The CFI protection is something I'd say is relevant to virtualization
use cases, not to emulation use cases

   https://qemu-project.gitlab.io/qemu/system/security.html

IOW, the targets that are important to test are the ones where KVM
is available.

So that's  s390x, ppc, x86, mips, and arm.

I think we can probably ignore mips as that's fairly niche.
We can also reasonably limit ourselves to only test the 64-bit
variants of the target, on the basis that 32-bit is increasingly
legacy/niche too.

So that gives us  ppc64le, x86_64, aarch64 and s390x as the
targets we should get CI coverage for CFI.

Regards,
Daniel
Daniele Buono March 2, 2021, 9:01 p.m.
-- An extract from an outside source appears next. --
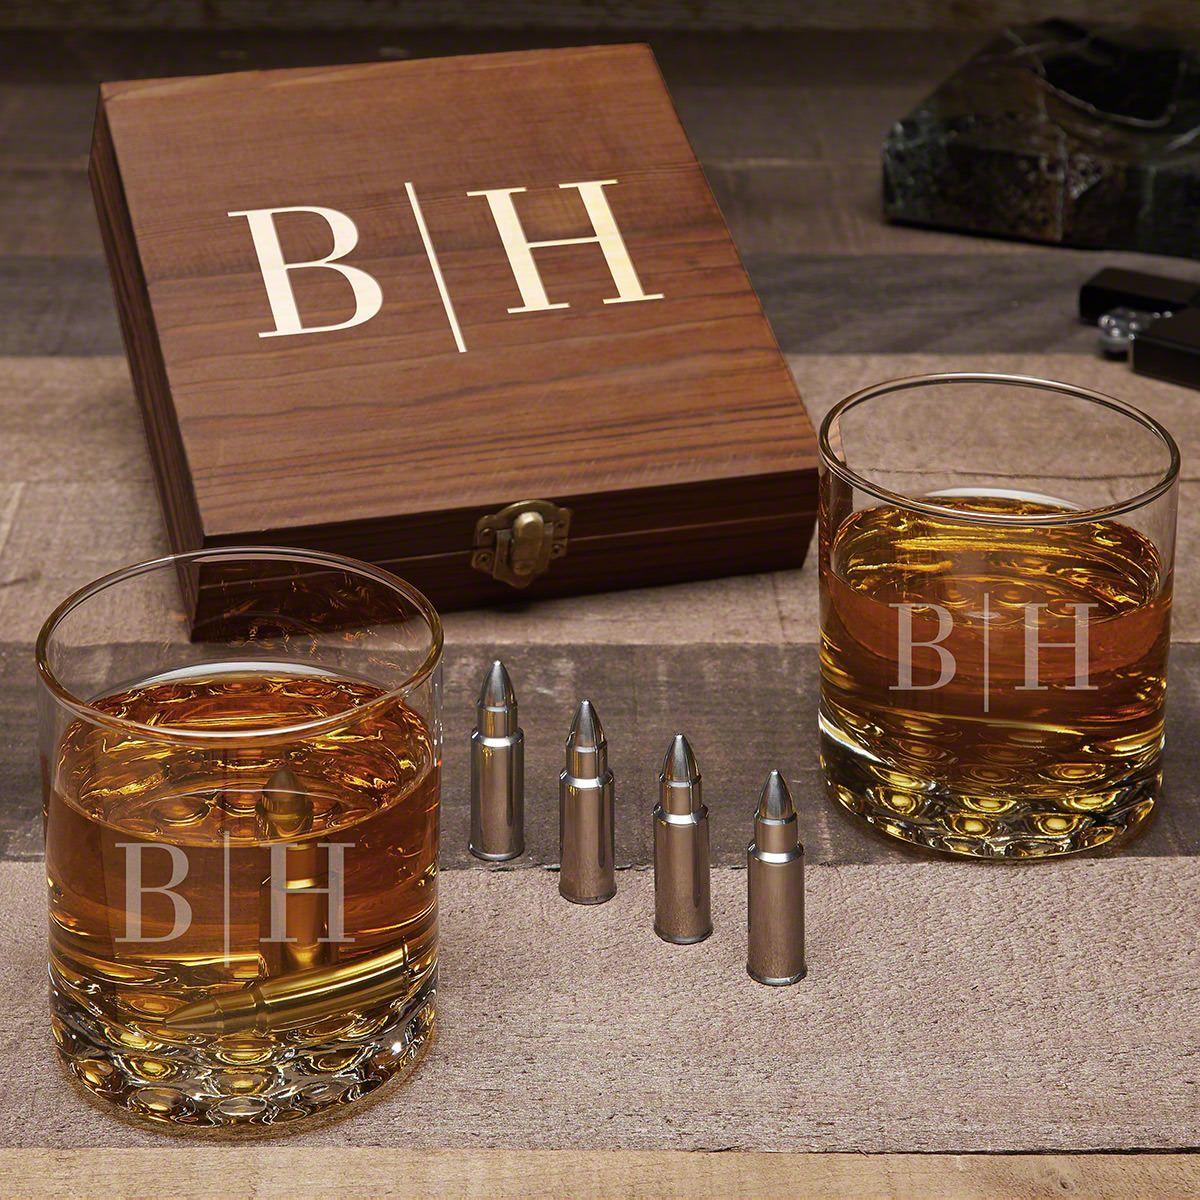 7976-quinton-monogram-buckman-glasses-with-bullet-whiskey-stones-set.jpg
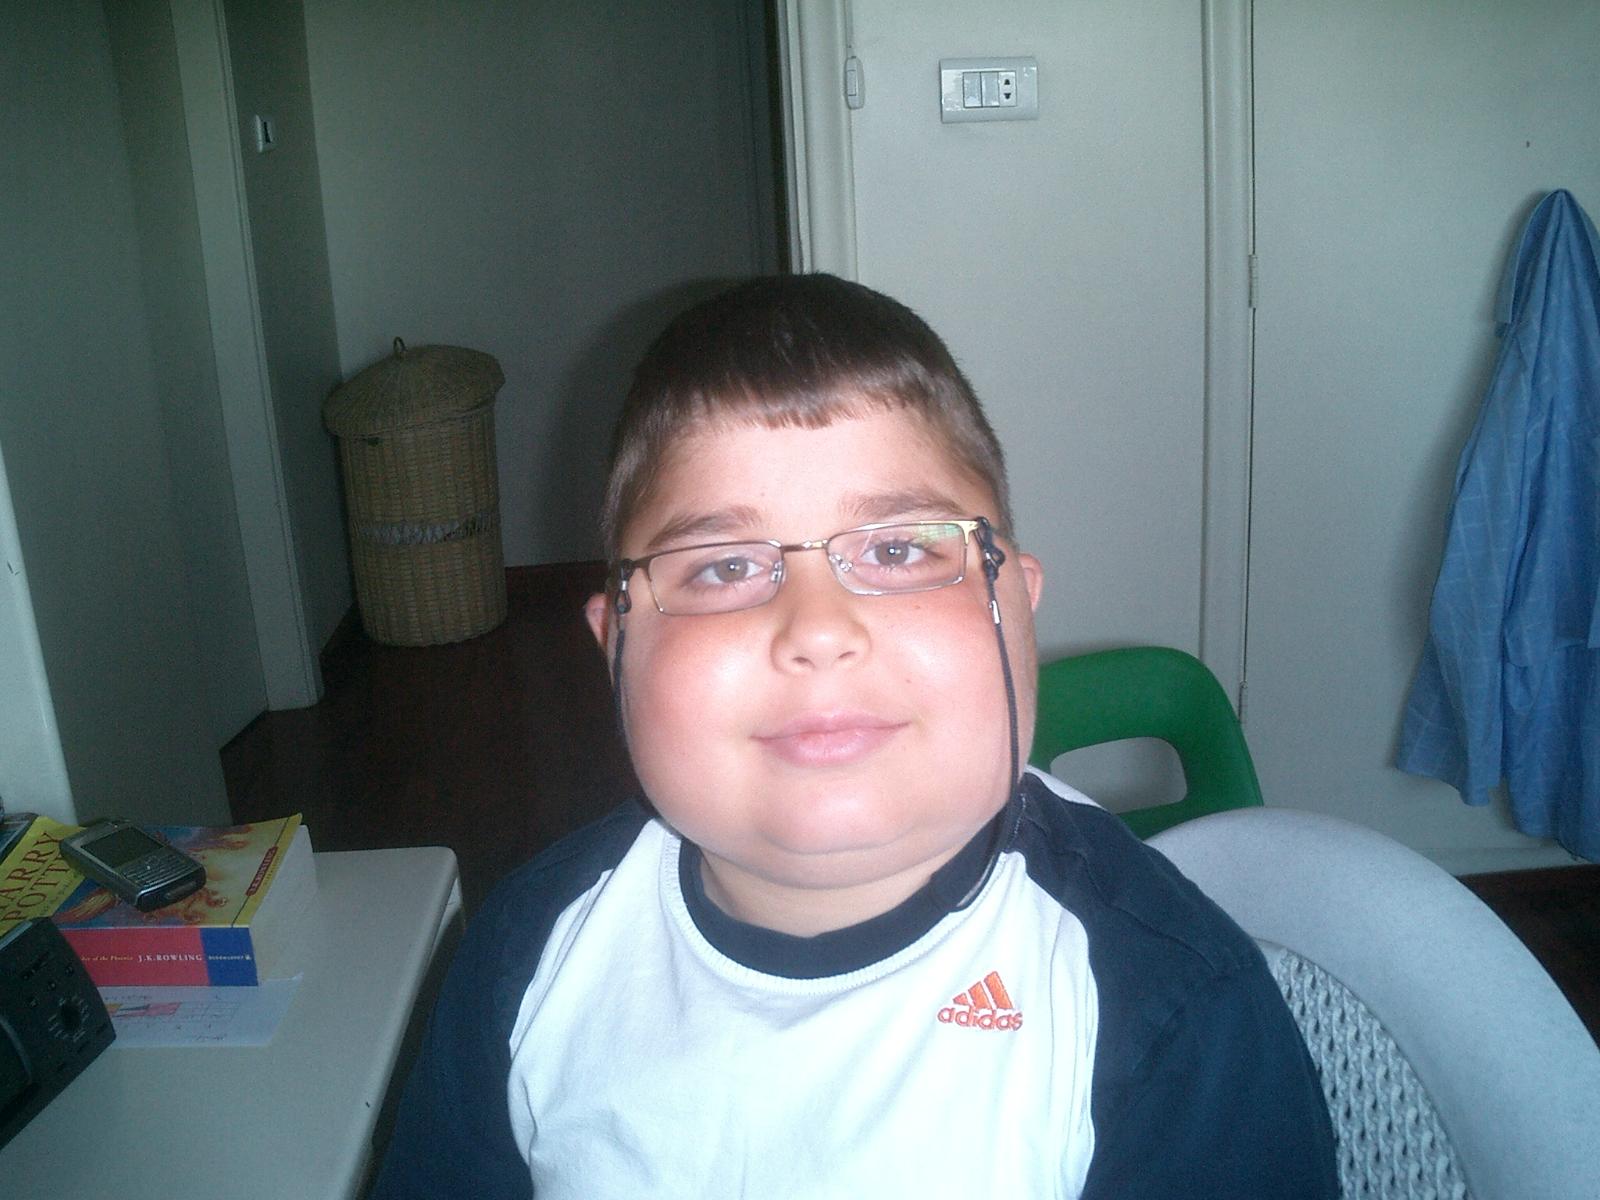 Age 11 after taking medicine

UTC | #10
On 3/2/2021 11:40 AM, Daniel P. Berrangé wrote:
> The CFI protection is something I'd say is relevant to virtualization
> use cases, not to emulation use cases
> 
>     https://qemu-project.gitlab.io/qemu/system/security.html
> 
> IOW, the targets that are important to test are the ones where KVM
> is available.
> 
> So that's  s390x, ppc, x86, mips, and arm.
> 
> I think we can probably ignore mips as that's fairly niche.
> We can also reasonably limit ourselves to only test the 64-bit
> variants of the target, on the basis that 32-bit is increasingly
> legacy/niche too.
> 
> So that gives us  ppc64le, x86_64, aarch64 and s390x as the
> targets we should get CI coverage for CFI.

Thanks Daniel,
I'll start working on a V3 that only contains those 4 targets, probably 
in two sets of build/check/acceptance to maintain the jobs below the 
hour mark.

These would still be x86 binaries that are not testing KVM, however,
because of the capabilities of the shared gitlab runners.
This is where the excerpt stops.